**EXERCISE AIM**
Exclude the pictures and transcribe the rest of the data below exactly.

**PROVIDED DATA**
[Start of section]

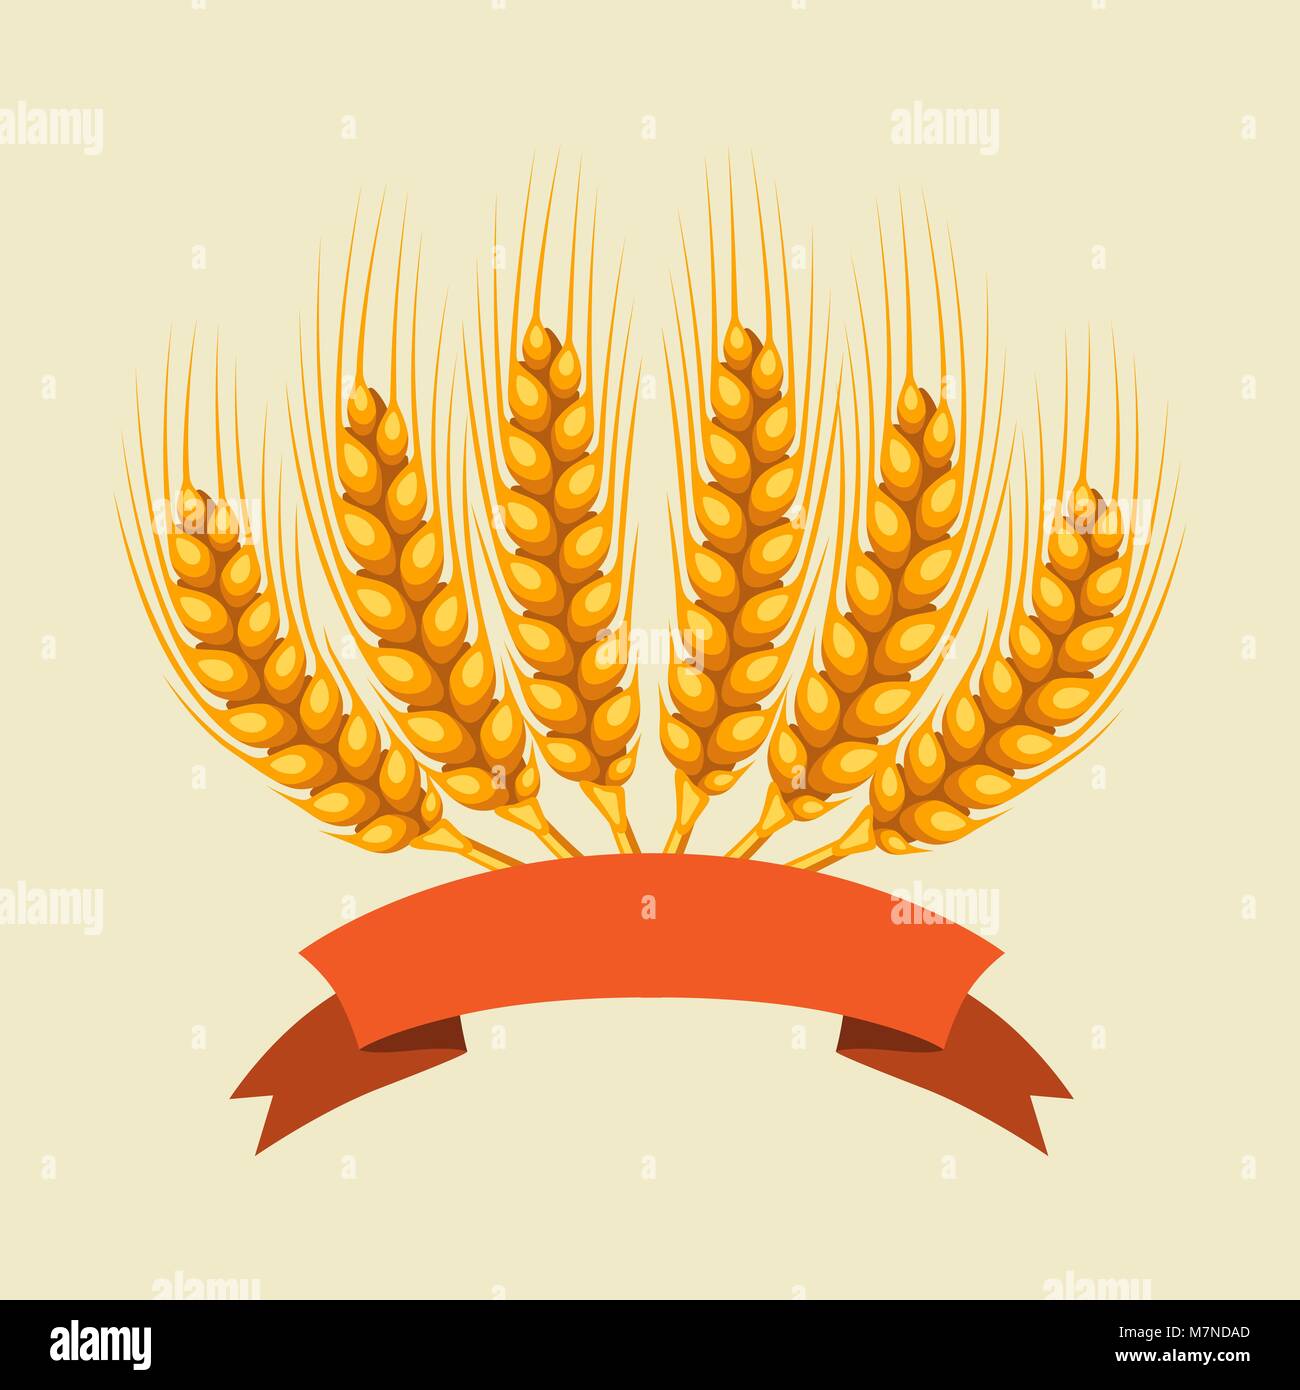 Tas de blé, d'orge ou de seigle les oreilles. Droit agricole pour la décoration d'emballage du pain, de la bière étiquettes, brochures et dépliants publicitaires Illustration de Vecteur
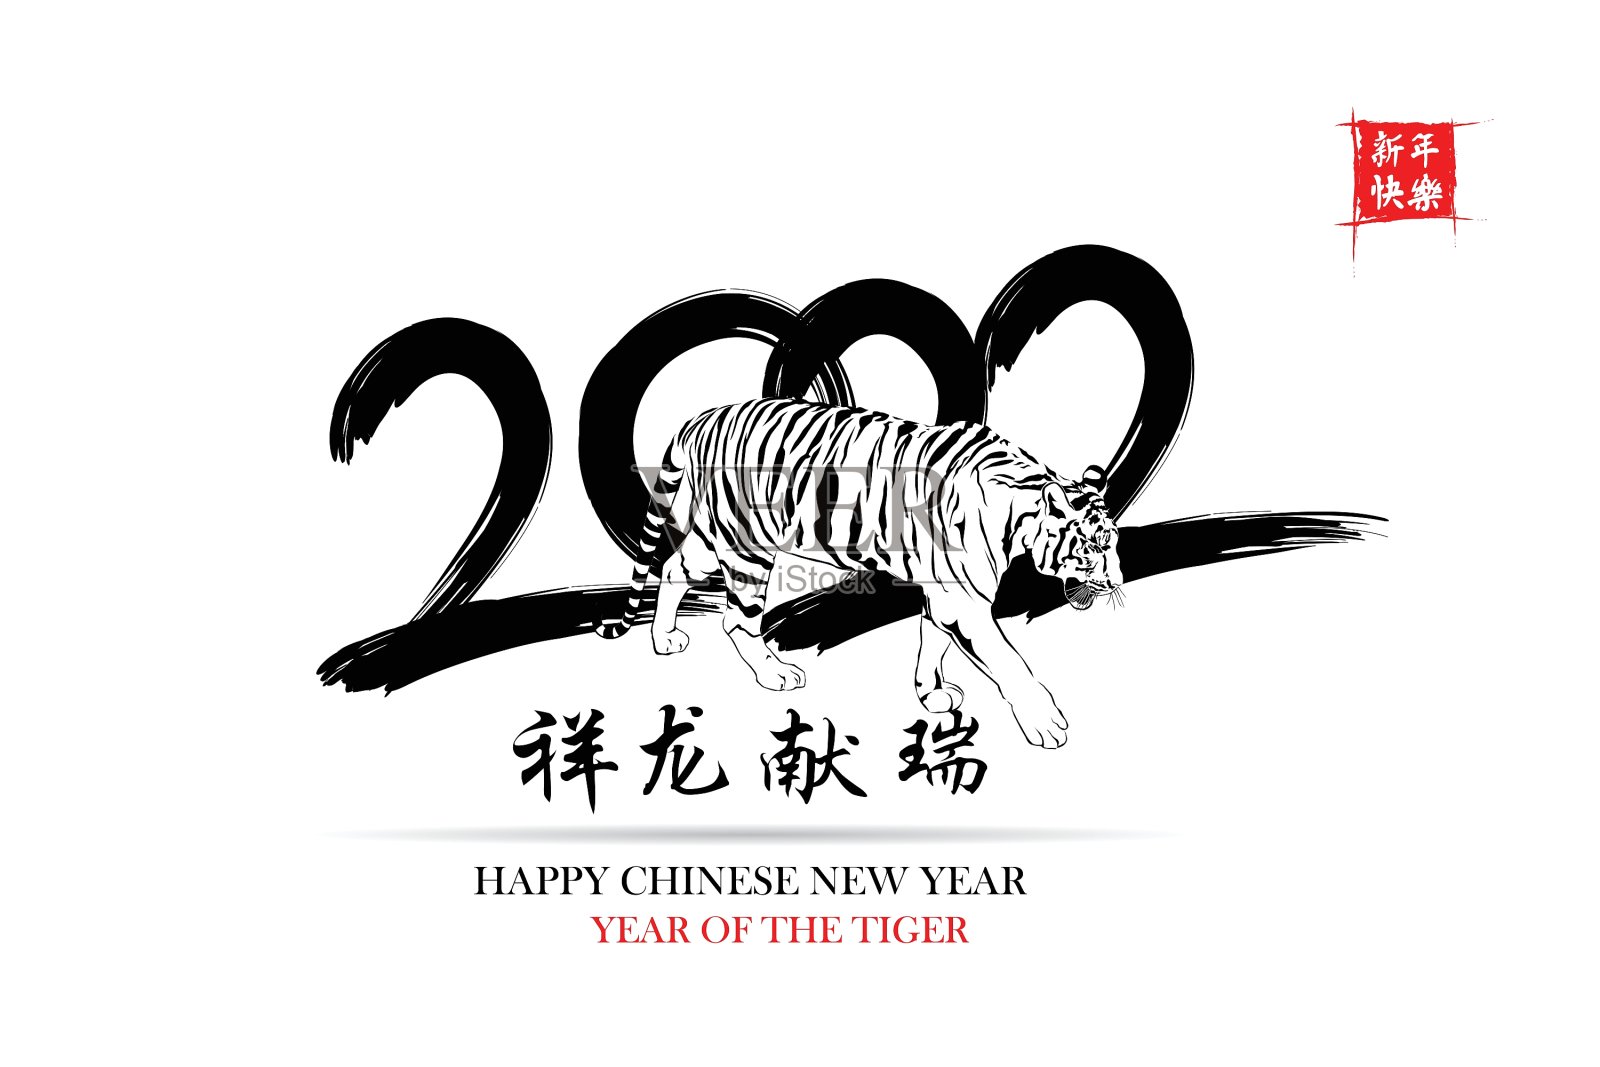 春节快乐。一切都很顺利，小中文文字翻译:中国日历为老虎的老虎2022设计元素图片
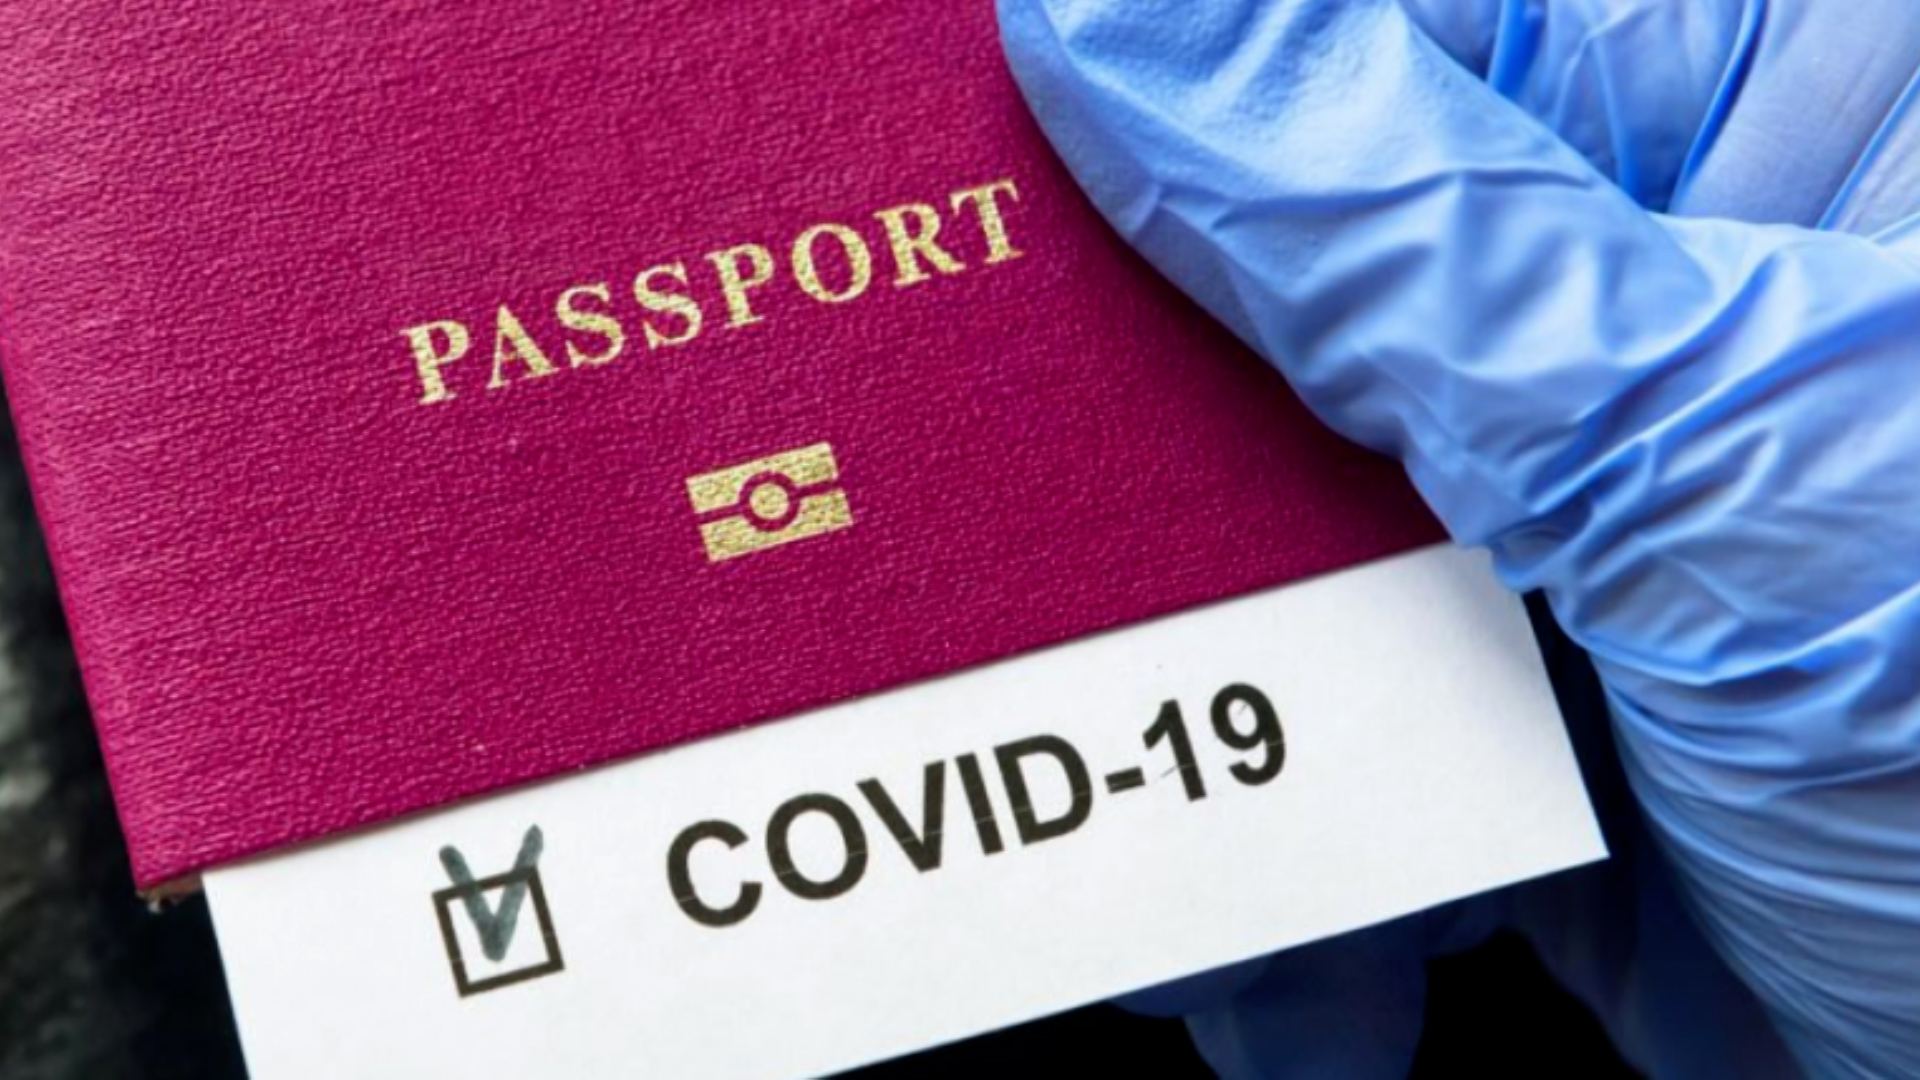 Saxta COVİD-19 pasportu verən şəxsə qarşı cinayət işi başlandı

[End of section]

**SOLVED PROBLEM**
 Tas de blé, d'orge ou de seigle les oreilles. Droit agricole pour la décoration d'emballage du pain, de la bière étiquettes, brochures et dépliants publicitaires Illustration de Vecteur
 春节快乐。一切都很顺利，小中文文字翻译:中国日历为老虎的老虎2022设计元素图片
 Saxta COVİD-19 pasportu verən şəxsə qarşı cinayət işi başlandı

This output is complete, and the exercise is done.